Talk about looking through rose-colored glasses.
The Post-Gazette reports “some local real estate experts … believe that the recent flurry of (Covid-19) vaccine-related good news could jump-start planning for future office needs.”
But that, of course, is only part of the equation. In fact, it’s an unbalanced calculation given the situation on the ground.
Indeed, when the pandemic struck in March, many companies followed state directives and allowed as many employees as possible to work remotely.
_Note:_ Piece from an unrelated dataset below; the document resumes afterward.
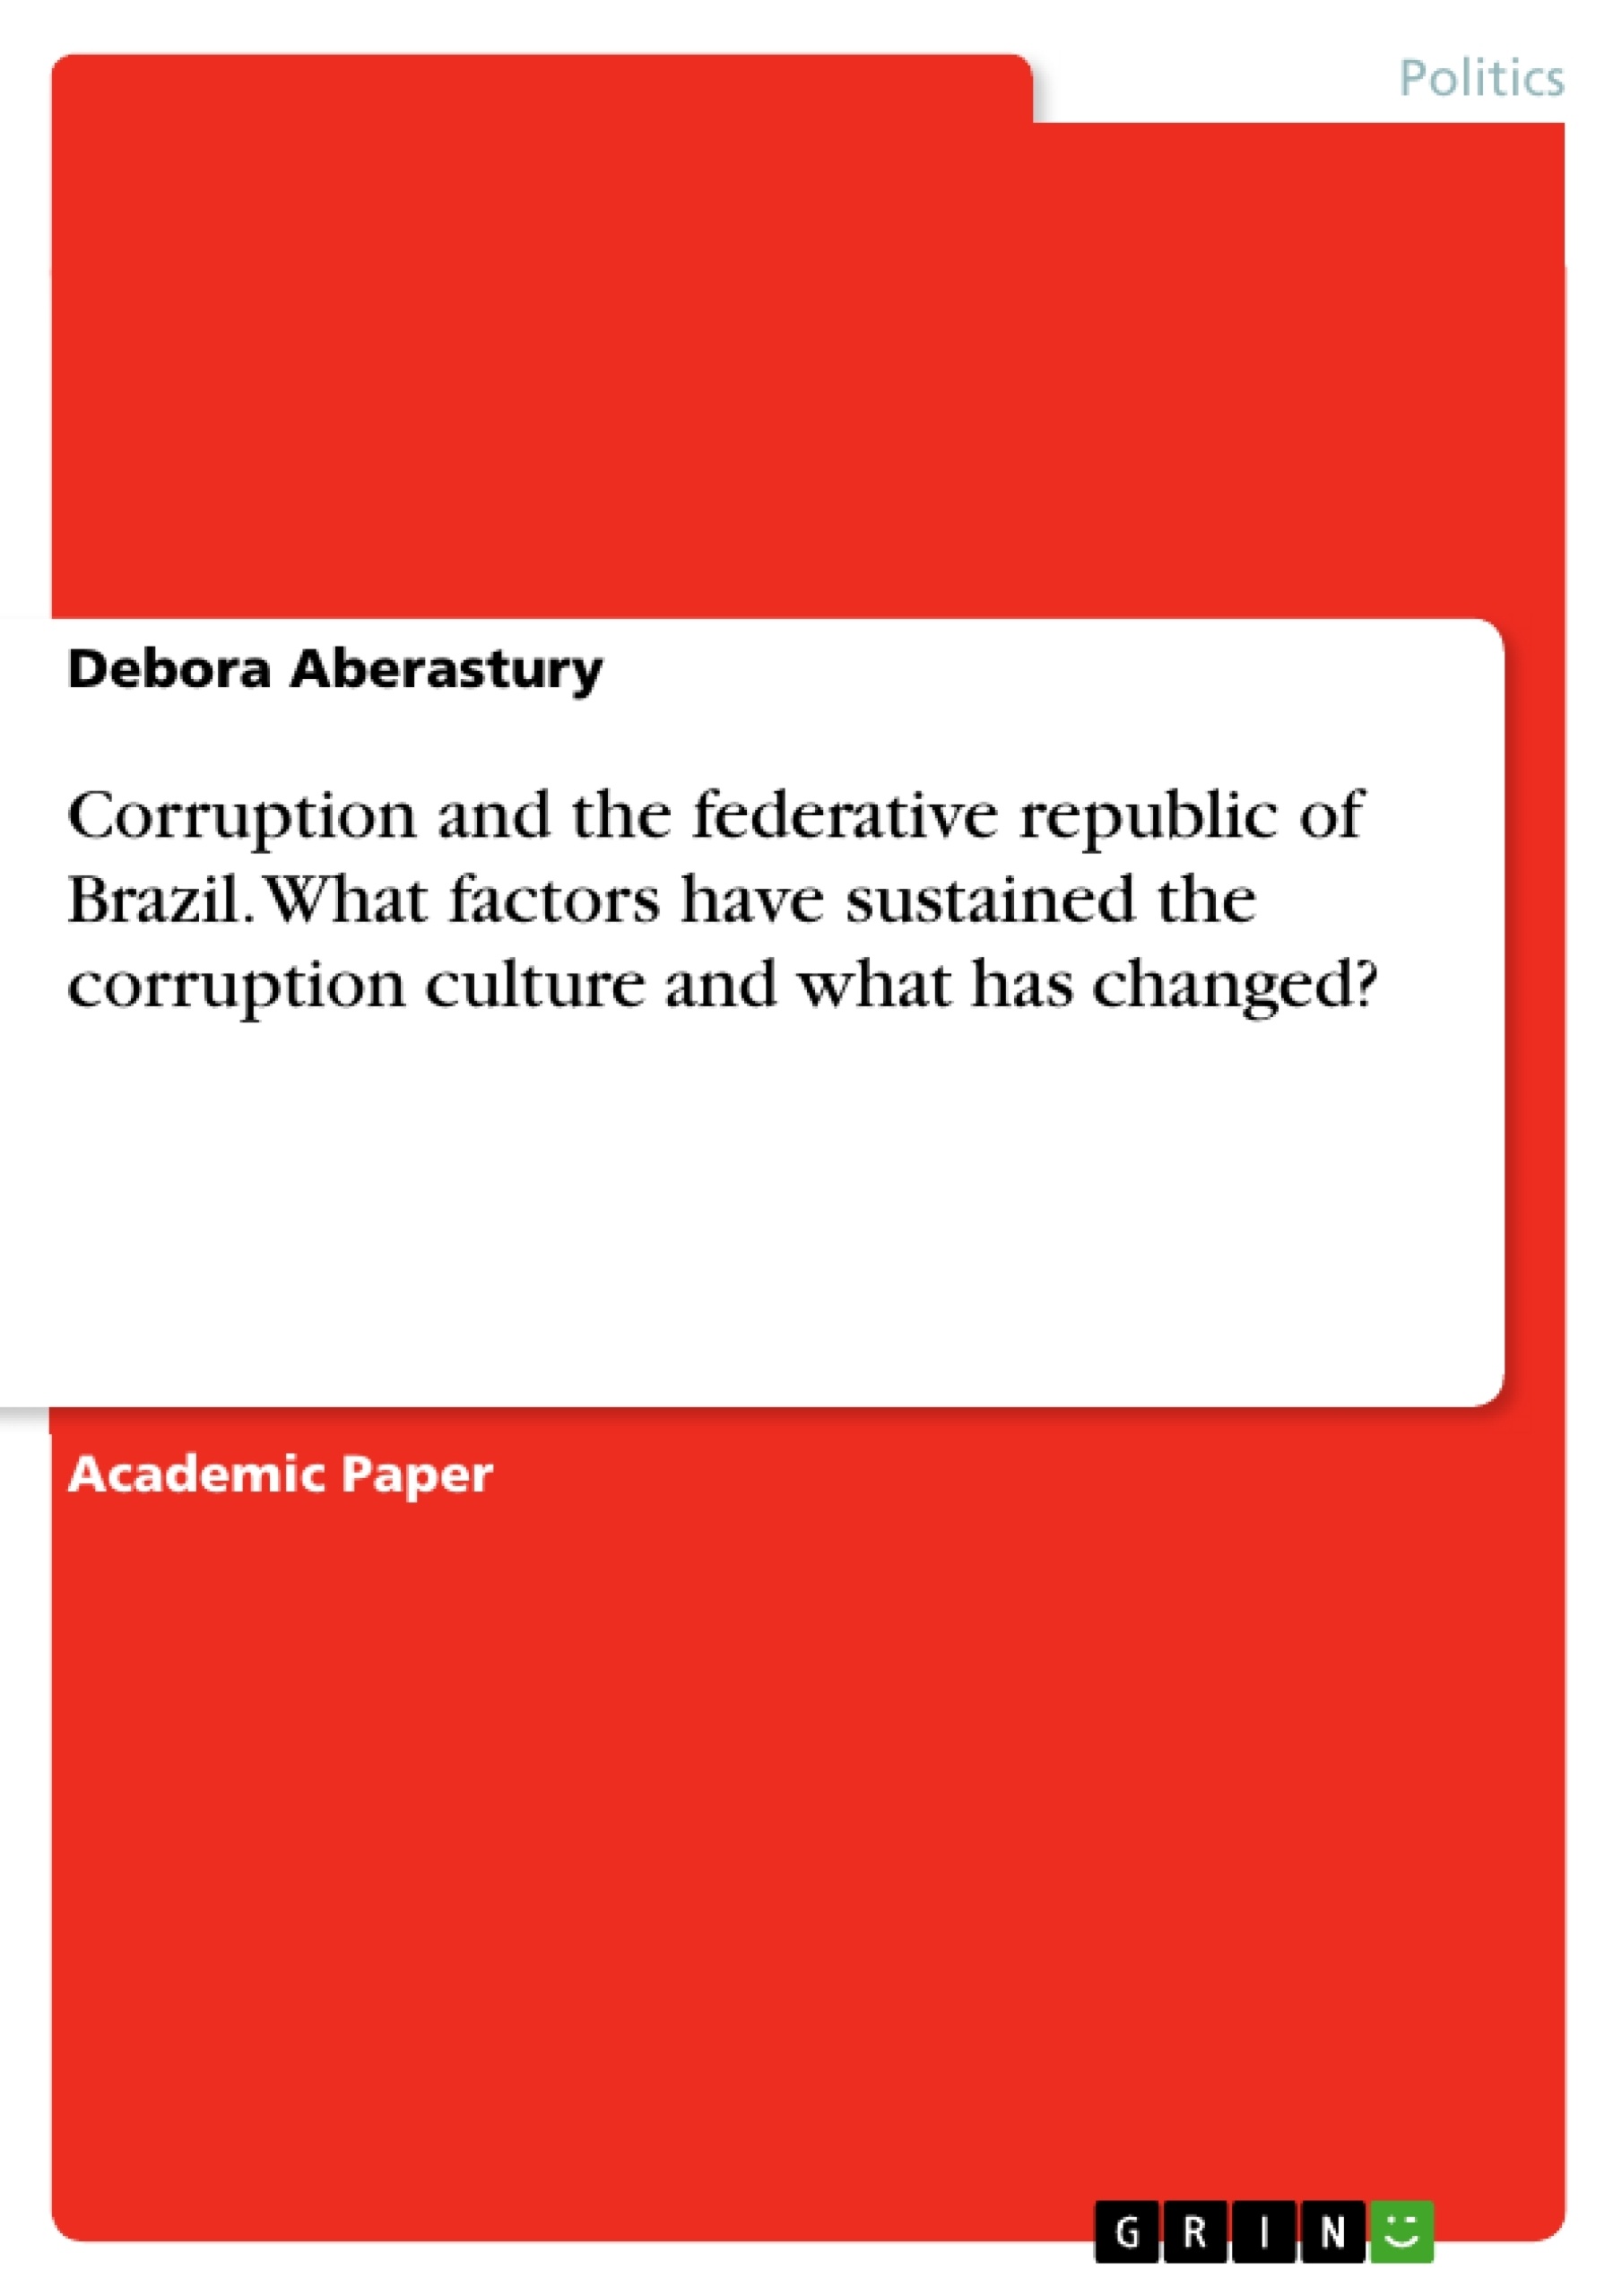 Título: Corruption and the federative republic of Brazil. What factors have sustained the corruption culture and what has changed?

And when those restrictions were eased over the summer, remote working did not go away (though some employees did return to their offices).
But with the recent surge, remote work remains encouraged by state health officials. And some of Pittsburgh’s largest employers now are urging employees to work at home until early July 2021.
However, and as we’ve reminded numerous times, downtown Pittsburgh’s premium office space malaise was not the product of the pandemic. While Covid-19 fears did lead to pared-down utilization of existing occupied space, the tanking occupancy rate predated the onset of the coronavirus.
As the Allegheny Institute also has noted, the continuing construction of publicly subsidized, top-notch new office space only stands to exacerbate what has been an extraordinarily high vacancy rate – and at some of the Golden Triangle’s marquee skyscraper offices.
More level-headed assessments have it that the pandemic likely has changed how we work, possibly forever. That likely will lead to more permanent high vacancy rates, vaccine or not.
Obviously, taxpayers should not underwrite private office space in good times, let alone in pre-pandemic and pandemic-exacerbated bad times.
And rosy calculations of a downtown Pittsburgh office space occupancy renaissance, at least right now, are the proverbial few bricks shy of a load.
As poor a public policy as is shaking down taxpayers to build private office space, an even worse public policy continues to play out in Harrisburg.
The P-G reports the Pennsylvania Turnpike Commission will borrow $550 million – that’s more than half-a-billion dollars – “in order to make overdue transit payments to the state Department of Transportation and get the quarterly payments back on schedule by the end of January.”
State legislation requires the commission to pay PennDOT $450 million annually, most of which is funneled into public transit. And that’s been standard practice since well before the pandemic struck. With the pandemic, Turnpike Commission revenue has tanked.
Thus, the perennial perversion that is “The State,” by statute, requiring one government entity to make its operations unsustainable by propping up another unsustainable government entity.
Such shell games never are sound public policy. Sadly, the courts have affirmed this “public purpose” larceny.